The combination of results from similar studies is often known simply as 'meta-analysis'. Common
examples are combining results of randomized controlled trials of the same intervention in
evidence-based medicine; of correlation coefficients for a pair of constructs measured similarly
across studies in social science; or of odds ratios measuring association between an exposure and
an outcome in epidemiology. More complex syntheses of multiple sources of evidence have developed
recently, including combined analyses of clinical trials of different interventions, and combined
analysis of data from multiple microarray experiments (sometimes called cross study analysis). For
straightforward meta-analyses, general least-squares methods may be used, but for complex
meta-analyses, the technical statistical approach is not so obvious.
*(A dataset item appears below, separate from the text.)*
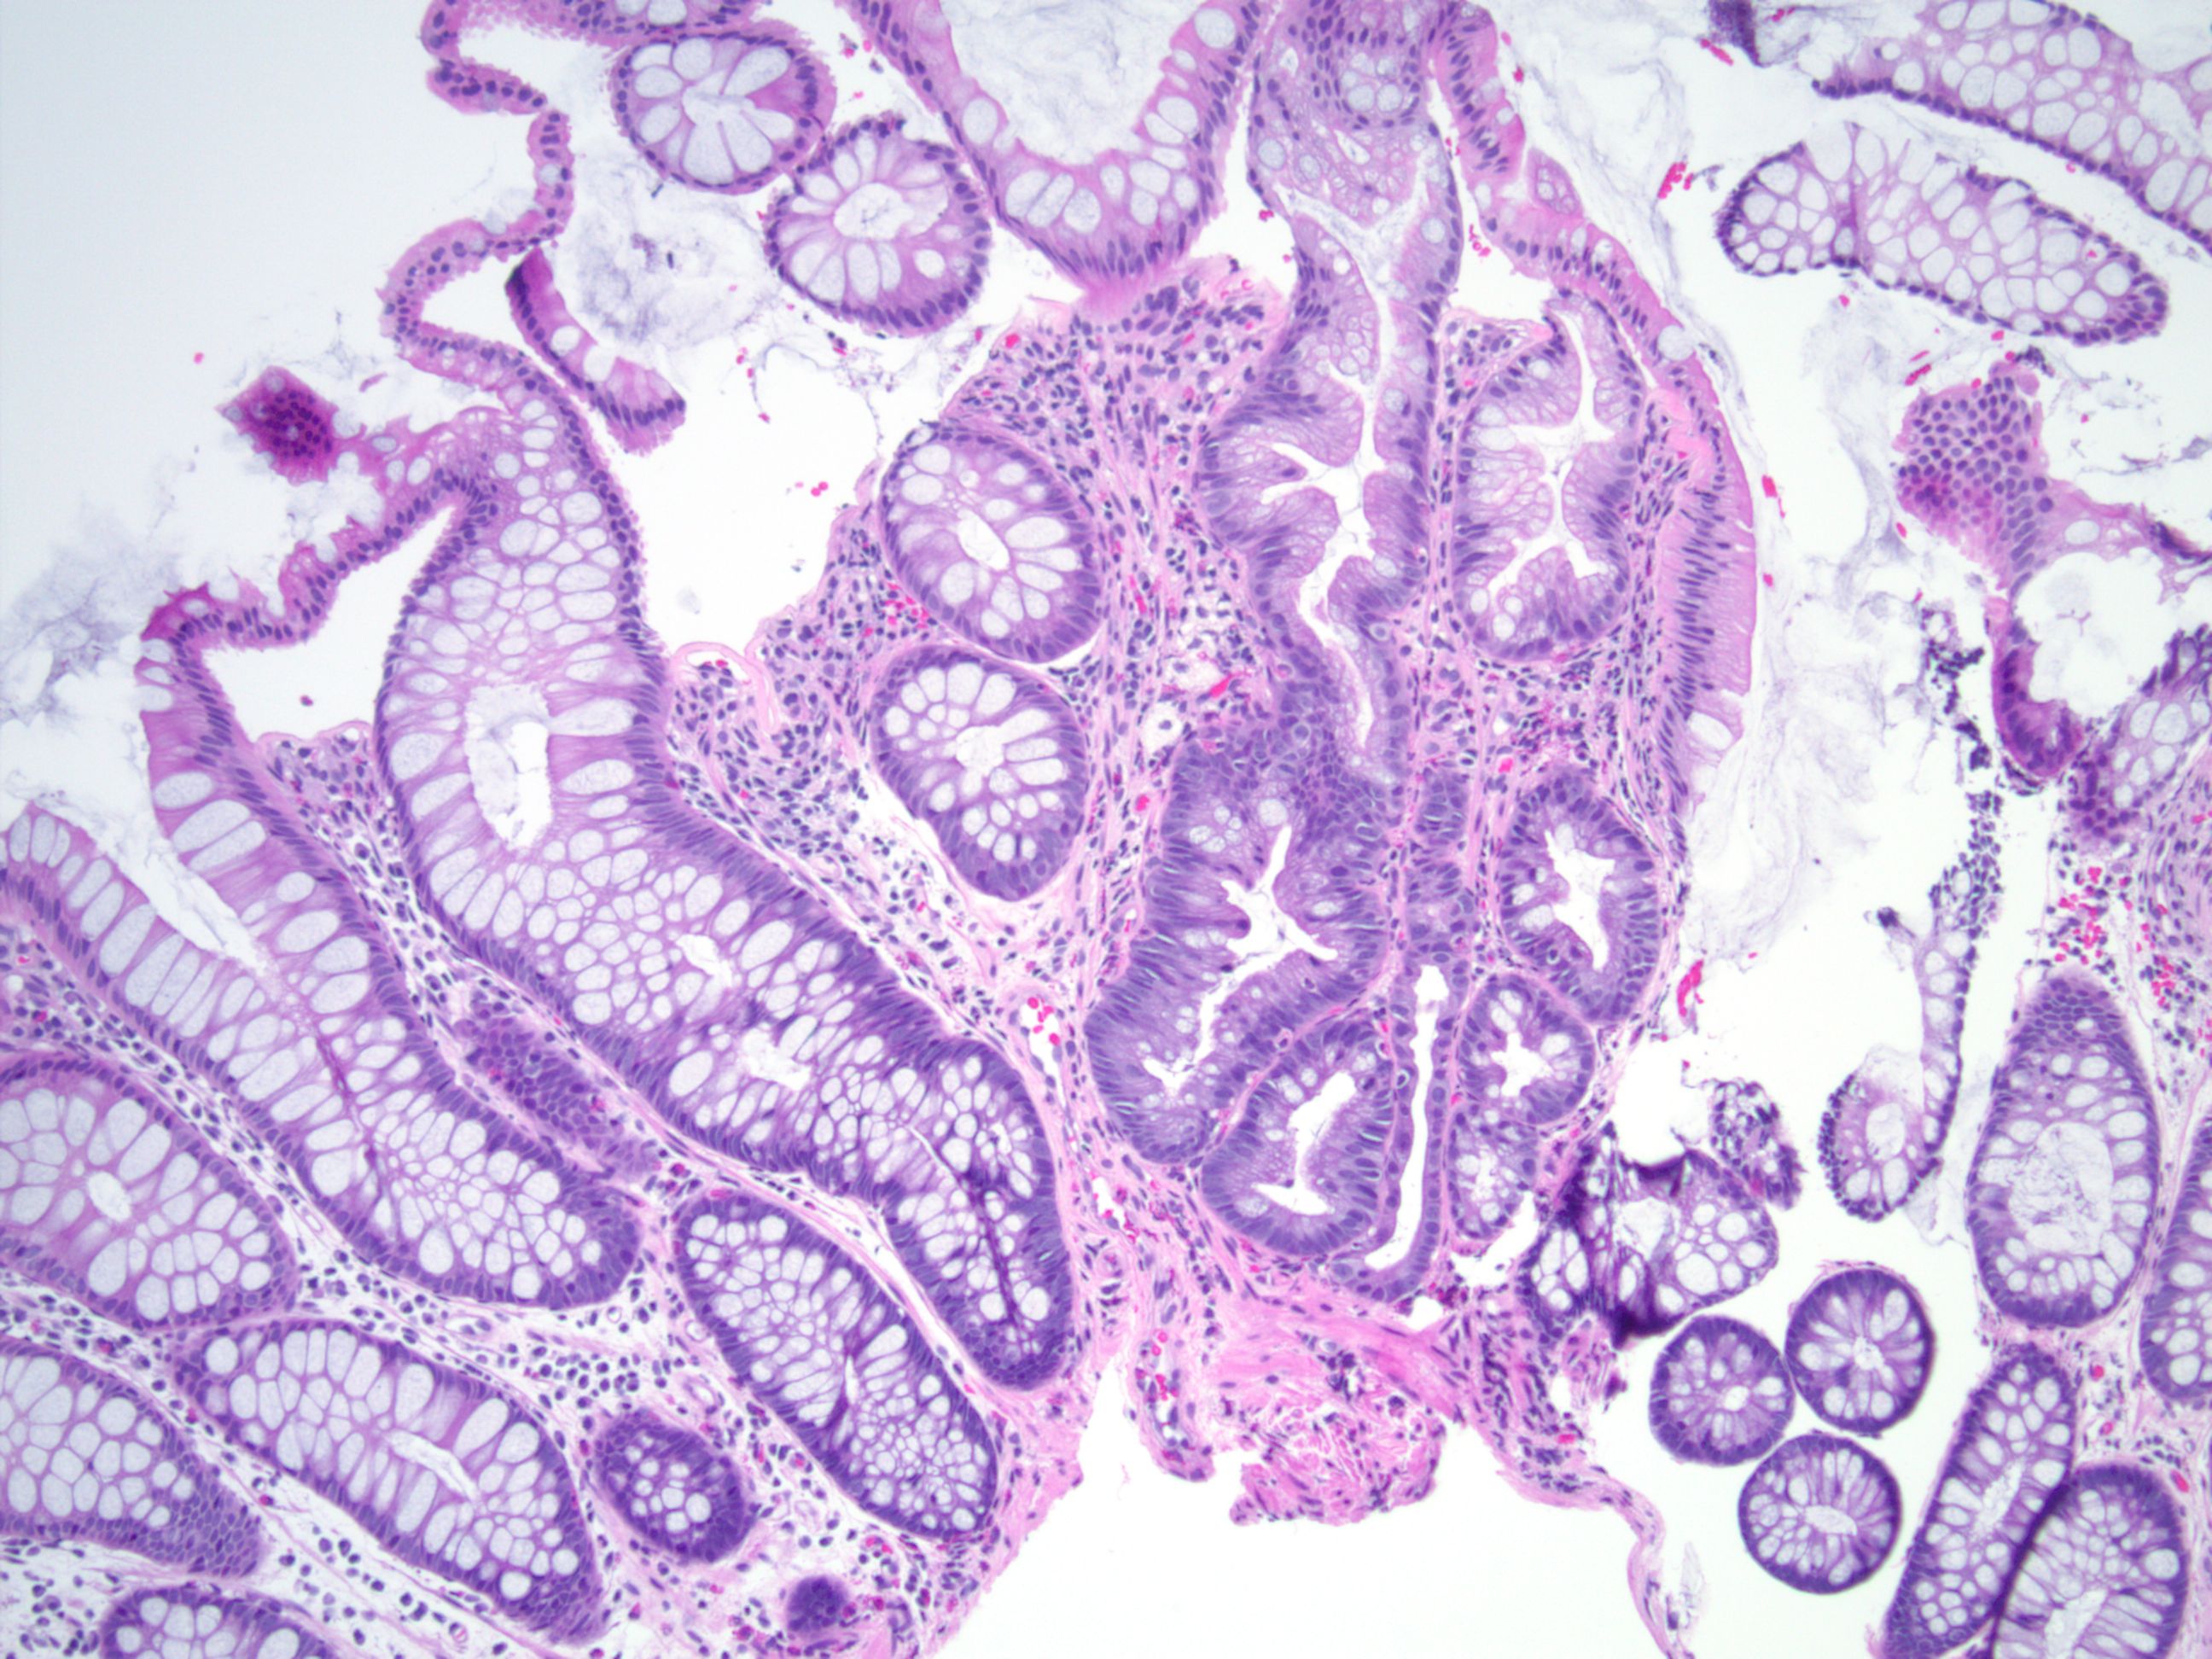 GC-C -/- 小鼠在DSS诱导下肠道炎症损伤的变化

Often likelihood and Bayesian
approaches provide very different perspectives; and in practice the possible benefits of more
complex approaches may be hard to discern as many meta-analyses are compromised by limited or
biased availability of data from studies as well as by varying methodological limitations of the
studies themselves.
The presence of multiple sources of evidence has long been a recognized challenge in the
development and appraisal of statistical methods — from Laplace and Gauss to Fisher and Lindley.
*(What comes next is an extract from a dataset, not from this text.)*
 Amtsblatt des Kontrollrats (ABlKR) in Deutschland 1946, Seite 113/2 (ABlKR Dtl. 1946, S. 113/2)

In the 1980s Richard Peto argued that a combined analysis would be more important than the
individual analyses, a view taken still further by Greenland who has suggested that that
individual study publications should not attempt to draw conclusions at all, but should instead
only describe and report results, so that a later meta-analysis can more appropriately assess the
study's evidence fully informed by other study designs and results. Will combined analyses
actually replace individual analyses (or at least decrease their impact)? If so, it is time to
re-examine the perennial problems of statistical inference in this context.
Three Challenges
- To substantiate and clarify how existing statistical methodology can effectively combine multiple sources of evidence, given perfect conduct and reporting of all studies.
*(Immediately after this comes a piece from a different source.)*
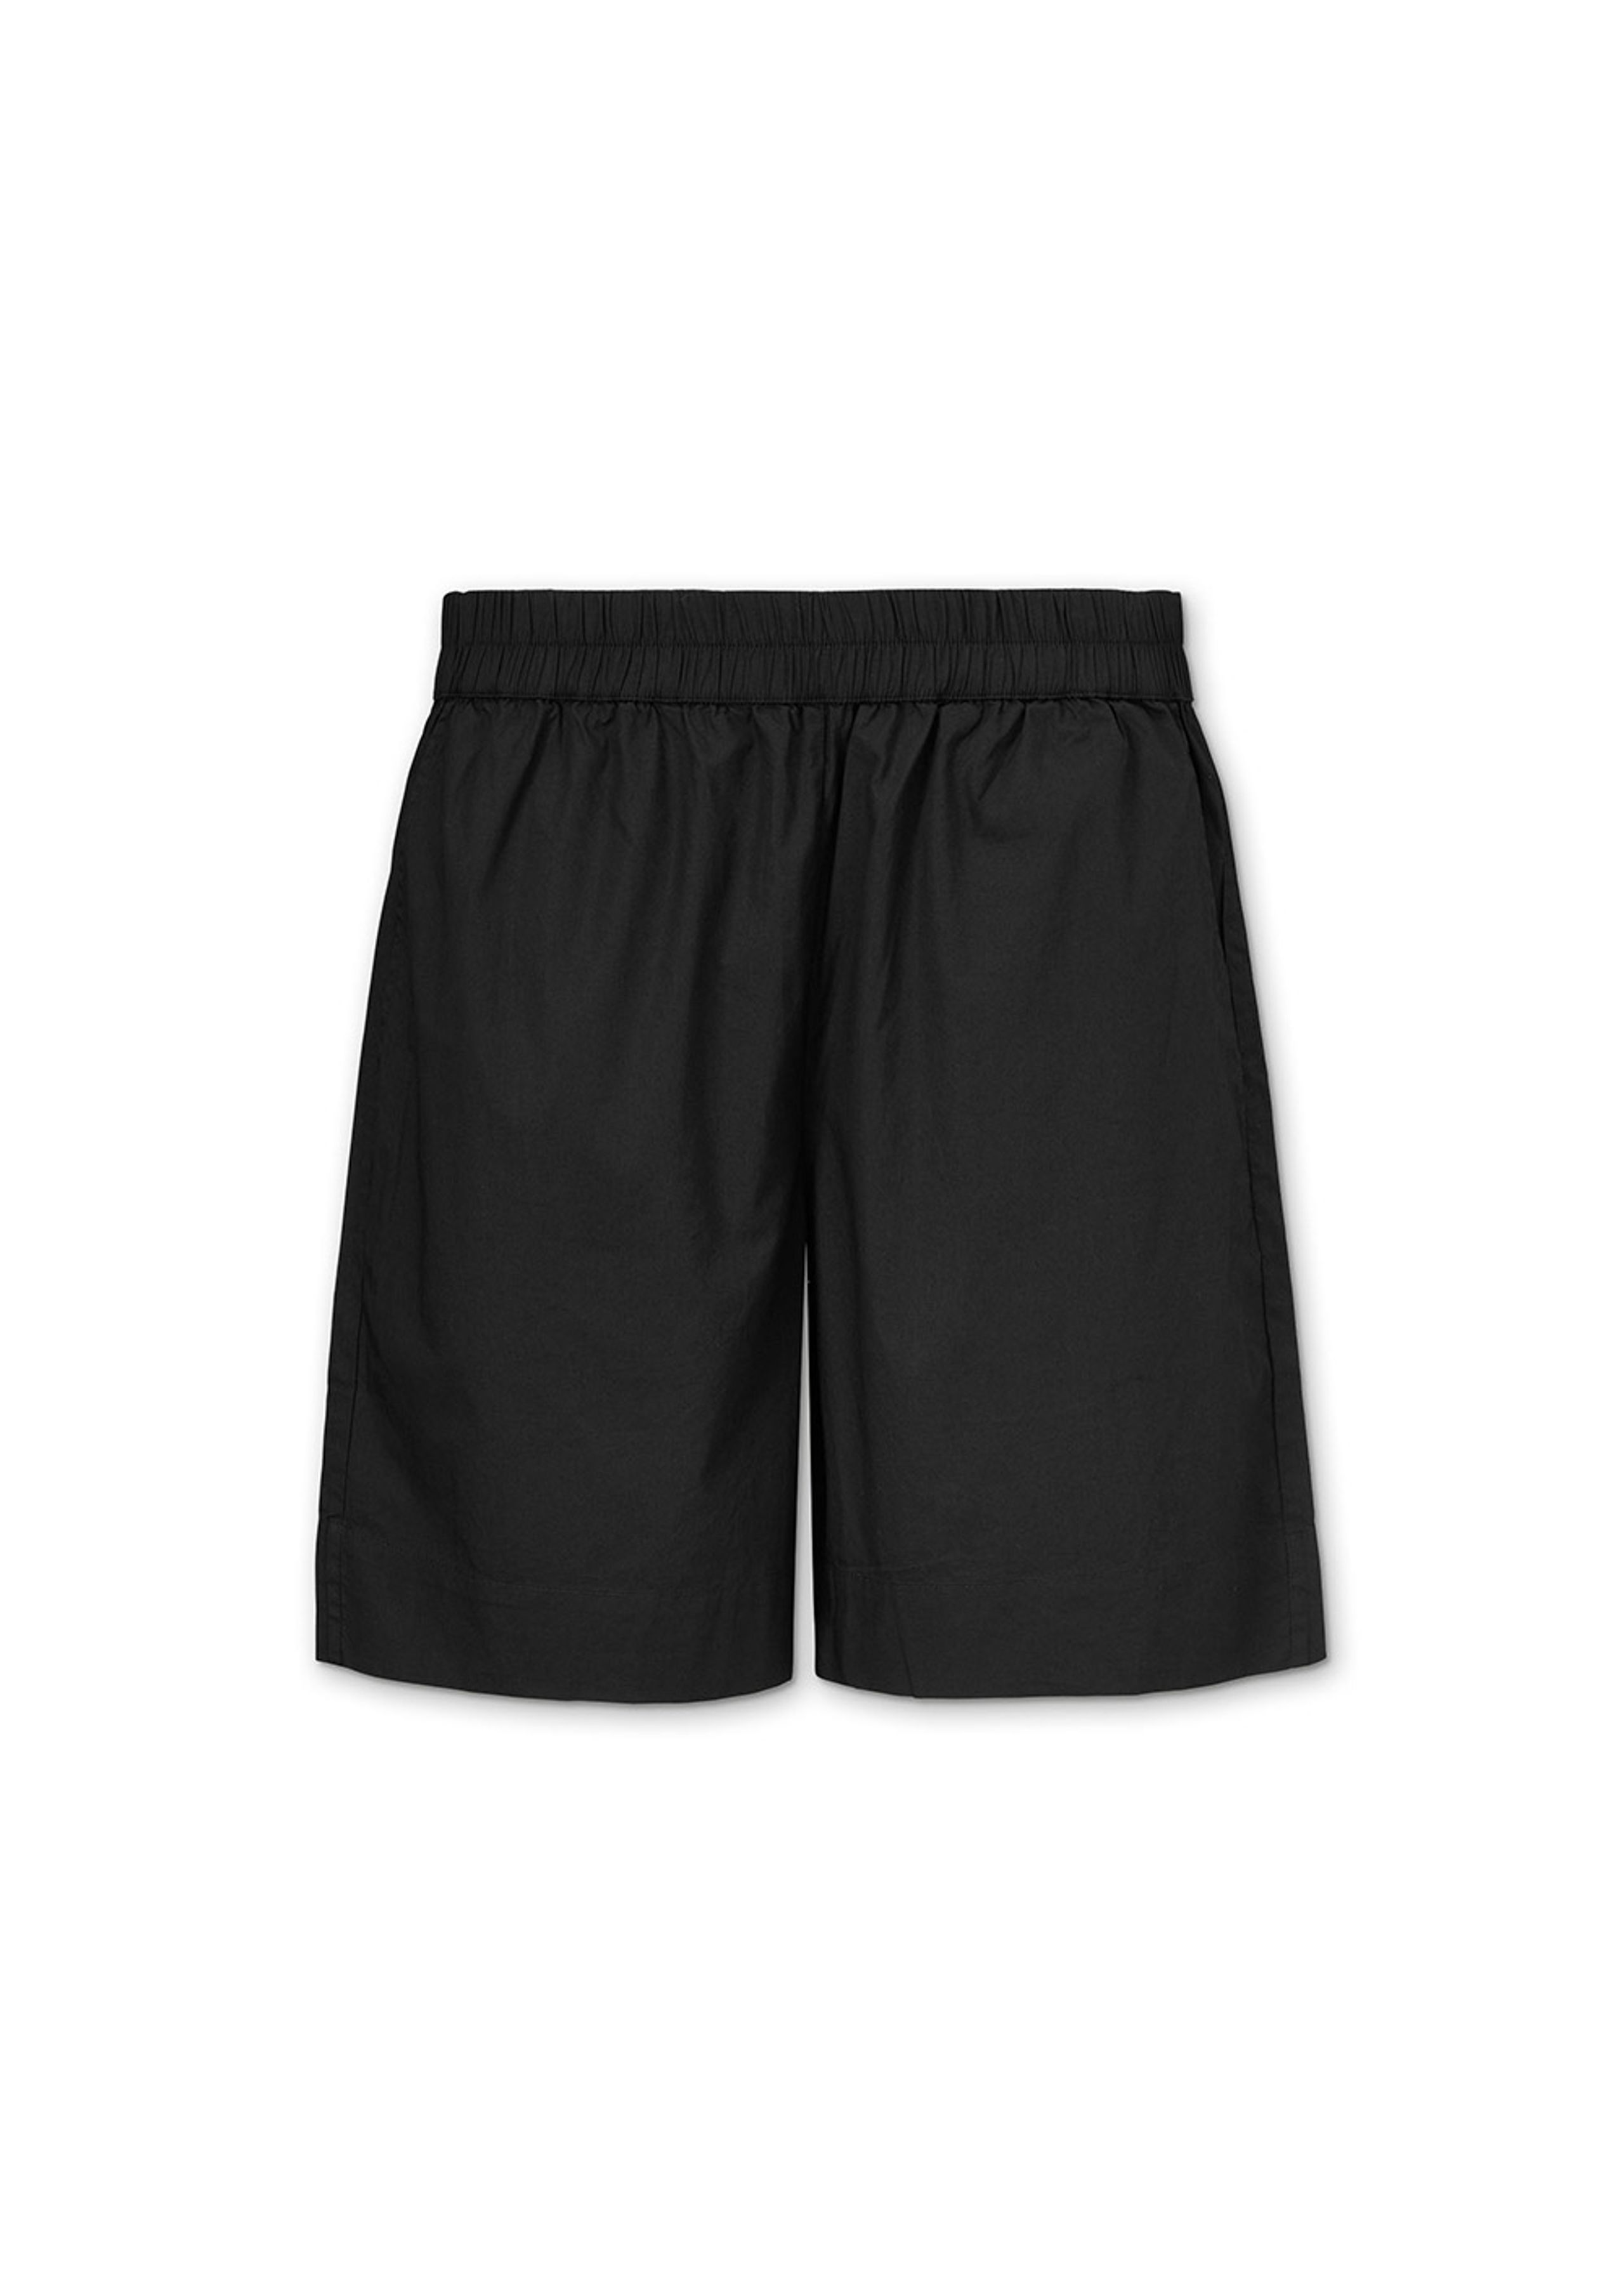 Aiayu - Shorts - Shorts Long - Black

- To identify statistical areas in need of development or improvement, both in theory and application, for the practical situations of studies having methodological limitations and studies providing biased or incomplete data.
- To identify and develop material and pedagogy for undergraduate and graduate programs in statistics, to allow future statisticians to deal effectively with multiple sources of evidence, and to motivate further development of new methodology.
This program comprises two weeks of research, mixing tutorials, research presentations and working
group activities on the subject. The goal of this program is three-fold: 1) to bring the area to
the attention of statistical researchers, whose expertise is critical to substantiate and clarify
the necessary statistical theory and methodology; 2) to nurture the necessary interdisciplinary
collaboration and communication between statistical researchers and statisticians who currently
work or plan to work with basic and applied science researchers and 3) to provide an entry point
into the field to interested students and faculty, and to allow researchers already specialized in
the domain to exchange recent results and information.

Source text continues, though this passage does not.